Ilgaz'a Mete ile olanları anlatırken her karşılaşmamızı,her göz göze gelişimizi tekrar yaşadım.Sanki Dudu teyze'Zaman geriye aksın' demişti ve zaman geriye akmıştı .Heraya kadar.Anlattığıma göre ilk karşılaşmamız müdürün odasında olmuştu. Nereden başlayacağıma tereddüt  etmiştim önce ama sonra Mete'den bakışlarımı kaçırarak Herayı atlamıştım. O'da bir şey demeyince rahat bir nefes aldım ve devam ettim. Sanki ikimizde Hera da olanların aramızda kalmasını istiyorduk. İkimizin sırrıydı o. Aklıma geldiğine yanaklarımı kızartacak kadar güçlü ve minik bir sır. Bizim sırrımız.Bu düşünceyle midemden başlayarak bütün vücuduma yayılan ılıklık karşısında sersemledim. Meteyi ilk gördüğümden beri vücudumun bana oynadığı bu tiyatroya bir türlü anlam veremiyordum.


"Demek o kız Beril?"Ilgar'ın imalı bakışları Mete'ye dönünce kaşlarımı çattım.Rahatsızca kıpırdanıp elini ensesine görünce neler olduğunu sormaya karar verdim.

"O kız?"kuşkunun hakim olduğu bakışlarıma Ilgar aynı imayla omuz silkti.

"Neden okulda değilsin?" İki saatliğine de olsa unuttuğum Damla olayını hatırladım.

"Ben şey... sıkıldım."İkisi de anlamayarak bana bakınca omuz silktim.Ilgaz baştan aşağıya beni süzdü.

"Alınma ama Beril,hiç de sıkıldığında okulu asacak bir tipe benzemiyorsun." Ilgaz'ın dediğime inanmadığı o kadar belliydi ki daha fazla bir şey söyleyip kendimi rezil hissetmek istemedim.Kaşları çatık bir şekilde duran Meteyi görünce yüzüne baktım. Gözleri hariç her yere dikkatli bir şekilde baktım.O da gözünü kırpmadan bana bakıyordu. Bu kadar pürüzsüz bir yüz ilk defa görüyordum.İnatla bakmaya devam ettim.En sonunda bana bakmayı kesip Ilgaz'a döndü.

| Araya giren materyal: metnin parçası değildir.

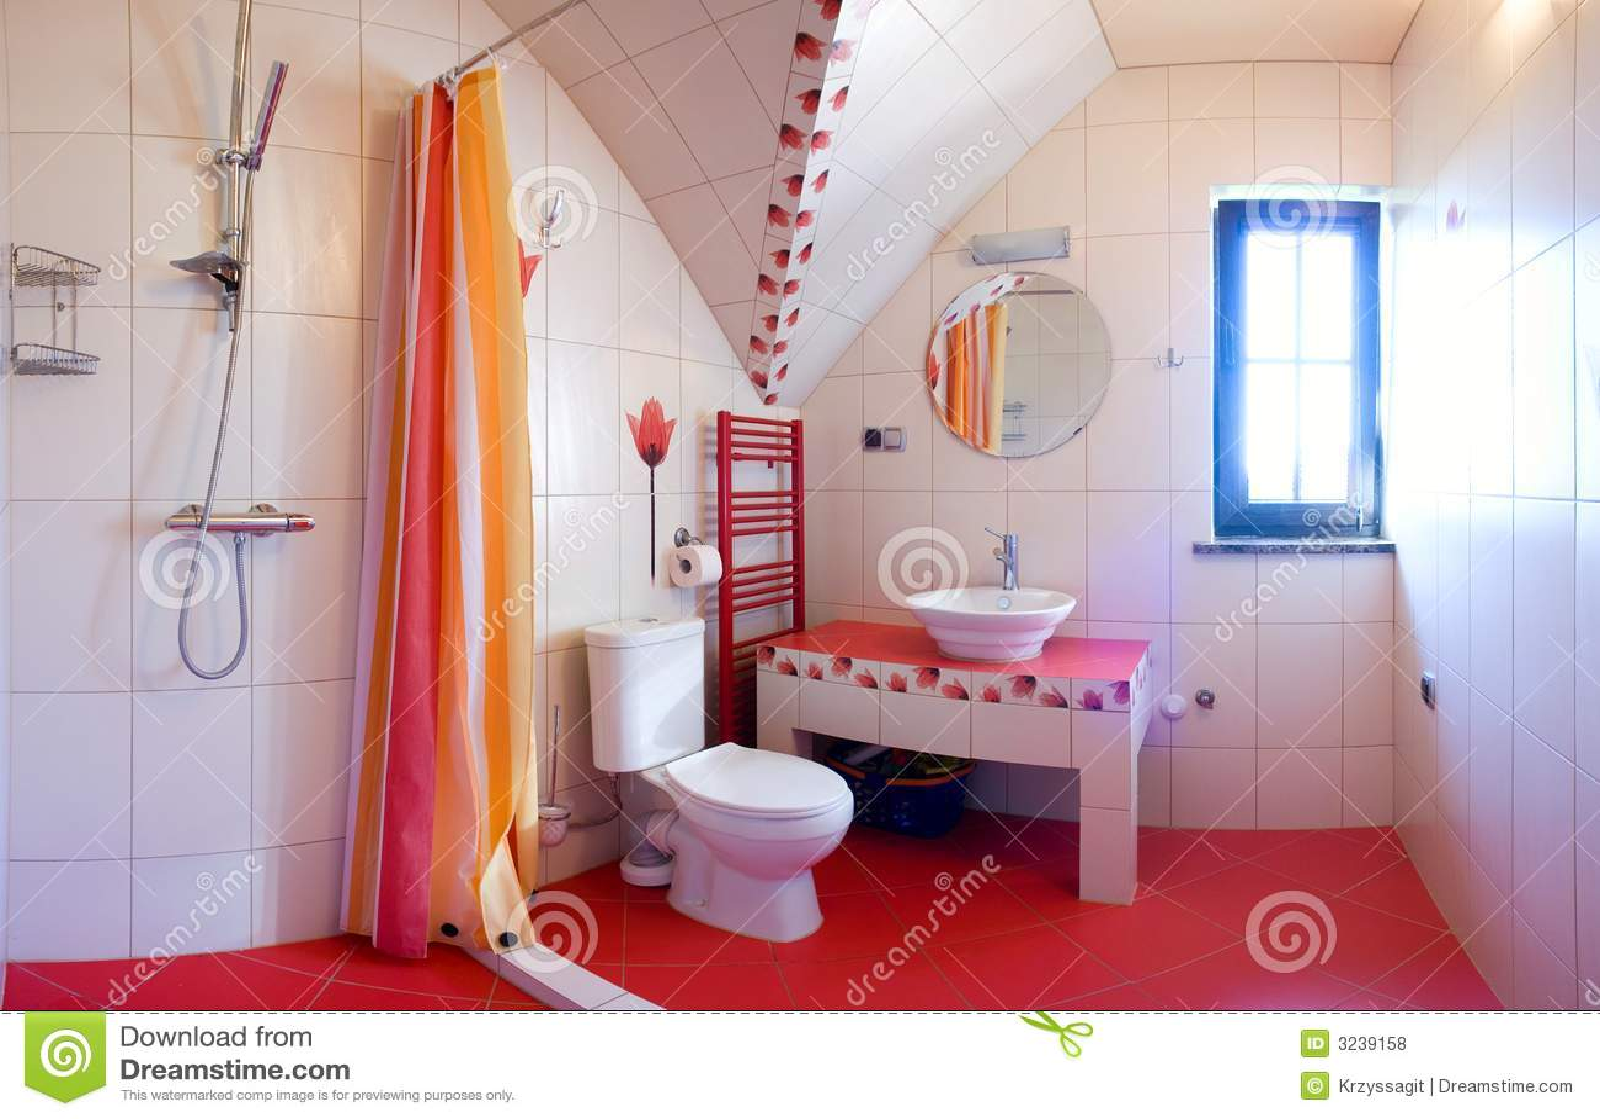 banheiro italian
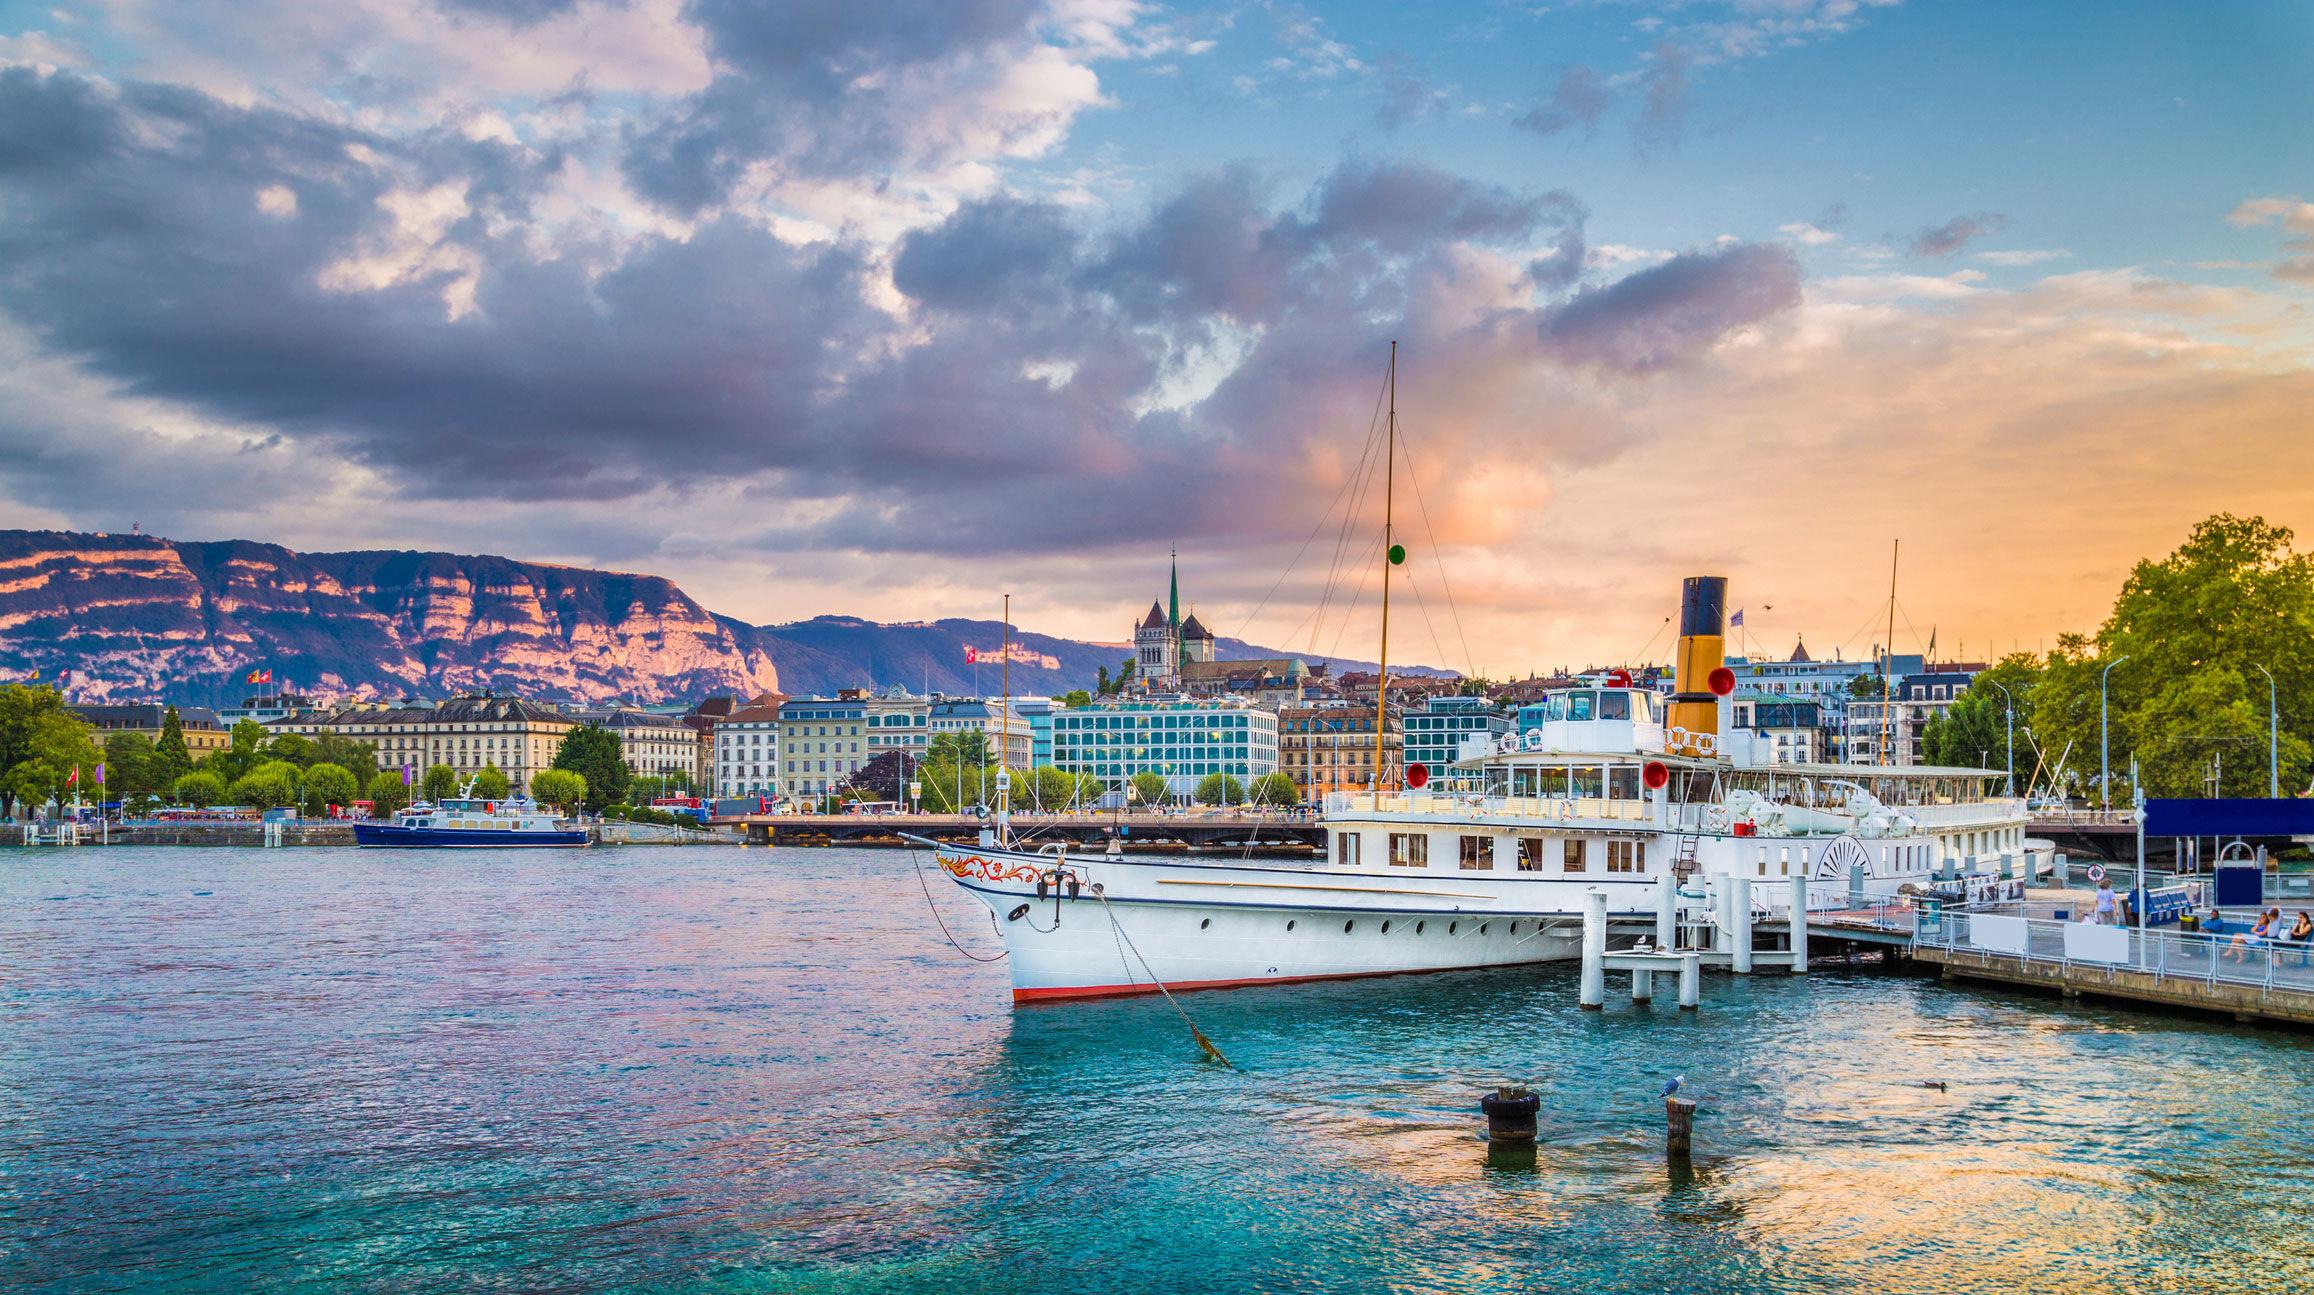 Ženeva, bluejayphoto | istockphoto.com/

"Müdür yardımcısına gidip başımın döndüğünü ve  kustuğumu bu yüzden hemen  babamları arayıp hastaneye geçtiğimi söyle ve izin kağıdı al."Hızla asılı duran trençkotumu alıp yanıma geldi.Kolumu tuttu ve Ilgaz'a döndü.

"Yarın görüşürüz." Ne Ilgaz'ın bir şey demesine ne de  benim bir şey dememe fırsat bırakmadan okulun kapısına kadar sürükledi beni.

"Nereye gidiyoruz?Benim eve gitmem lazım."

"Derdin her ne ise rahatça anlatacağın yere."Kolumu kurtaramadan arkama baktım.

"En azından Seraya teşekkür edip bir hoşçakal deseydim." Bir an duraklasa da devam etti ve kapıdan çıktık.

"Ben senin yerine derim yarın." Bir şey demek için ağzımı açmıştım ki gelen minibüs işaret etti.

"Mete ben eve gitsem gerçekten daha iyi olacak."desem de beni dinlemeyip önce beni minibüse bindirdi sonra kendi bindi ve cam kenarına oturttu.Parayı uzatınca kendi de yanıma oturunca unuttuğu yada duymadığı sandığım cümleme cevap verdi.

"Göz altları çökmüş bir kızı ki bu kız benim partnerim nasıl eve gönderebilirim.Bir şey olmuş belli." bana döndü ve devam etti.

"Bana hep parıldayan bu gözleri neyin söndürdüğünü anlatacaksın." Öylece gözlerime bakınca yanaklarım kızarmaya başladı.Beni dinlemeyen gözlerimi yaka paça buğulu irislerden çektim. Kararlıydı ve bende ona her şeyi anlatacaktım. Anlatacaktım çünkü içimde ki her ses,her fısıltı hatta her hücre anlatmamı söylüyordu. O'na anlatmam  gerekiyordu sanki. Her daim parıldayan gözlerimin neden söndüğünü merak eden bu çocuğa her şeyi anlatacaktım. Damlayla olanları anlatabilirdim. Bize dediklerini,verdiği tepkiyi hatta dediği her şeyi harfi harfine doğrulayan bakışlarını anlatabilirdim.Fakat gece uyuyamadığımın en büyük kanıtı olan göz altlarımın nedenini anlatamazdım. Ne diyecektim? 'Bana öyle bir baktın ki gözlerimden yaşlar firar etti ve ben bütün gece bunu düşündüğüm için uyuyamadım.' Ne kadar da aptalım.